When the problem first started, it was giving timeout errors, sometimes resulting in a blank page, and now I'm getting a "connection refused" error. This is based on Pingdom analysis BTW, not simply me trying to load the page on my own:
Here's a traceroute from my PC:
1,192.168.1.1,0ms,None,----
2,10.240.164.5,7ms,None,----
3,167.206.32.34,6ms,dstswr2-vl2.rh.hcvl,----
4,----,Timeout,n/a,----
5,64.15.5.130,34ms,None,----
6,64.15.1.5,78ms,None,----
7,----,Timeout,n/a,----
8,206.222.119.58,59ms,den1-ar3-ge-1-0-0-0,----
9,173.248.191.30,58ms,cypress.mddhosting.,----
I have a feeling the server gagged on one of my site's script and is now blocking everything as a security precaution, but I have no idea how I can reset it, assuming that's the case.
Any suggestions? My site is http://www.habitationofjustice.com
Posted by trustedurl.com, 11-25-2010, 01:28 AM Dns points to a server called cypress... looks like port 80 isn't responding (telnet 173.248.191.30 80) I think that's a handy networks IP... oddly enough cypress.mddhosting.com loads up, so I'm guessing port 80 got firewalled somehow on that specific IP.
Posted by FractionHost, 11-25-2010, 01:31 AM Contact Mike from MDD, he's active here and he is usually prompt on things.
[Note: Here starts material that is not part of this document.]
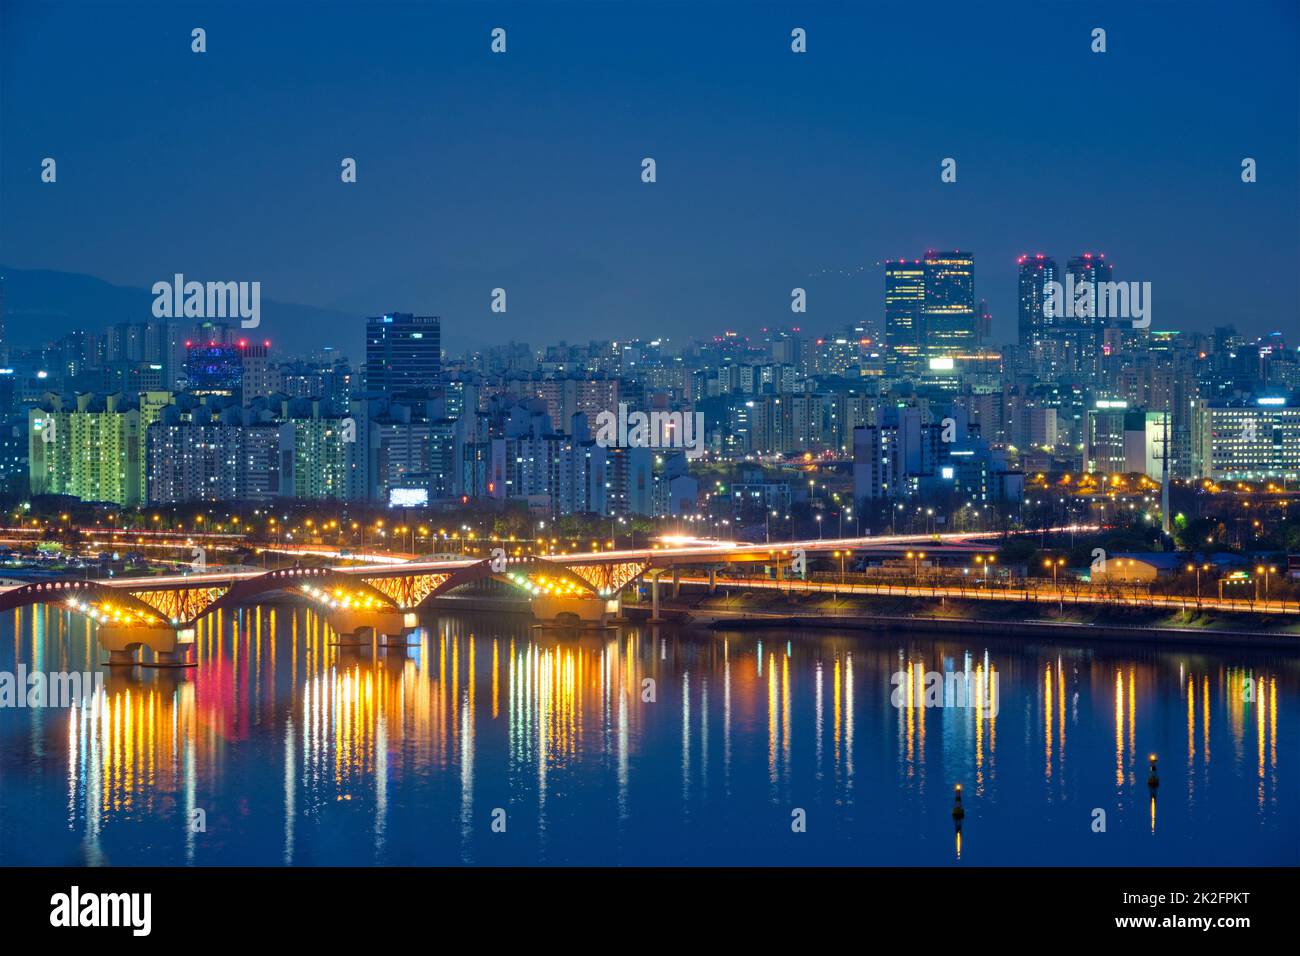 Seoul night view, South Korea Stock Photo

I'm sure he can help.
Posted by LincolnAdams, 11-25-2010, 01:31 AM Yeah, Cypress is the server the site is on. What would cause port 80 from not responding though?
Posted by LincolnAdams, 11-25-2010, 01:33 AM I already opened a ticket, but Mike is AWOL again. I'm on my own here until somebody wakes up over there.Quote:
Originally Posted by JDAnswerContact Mike from MDD, he's active here and he is usually prompt on things. I'm sure he can help.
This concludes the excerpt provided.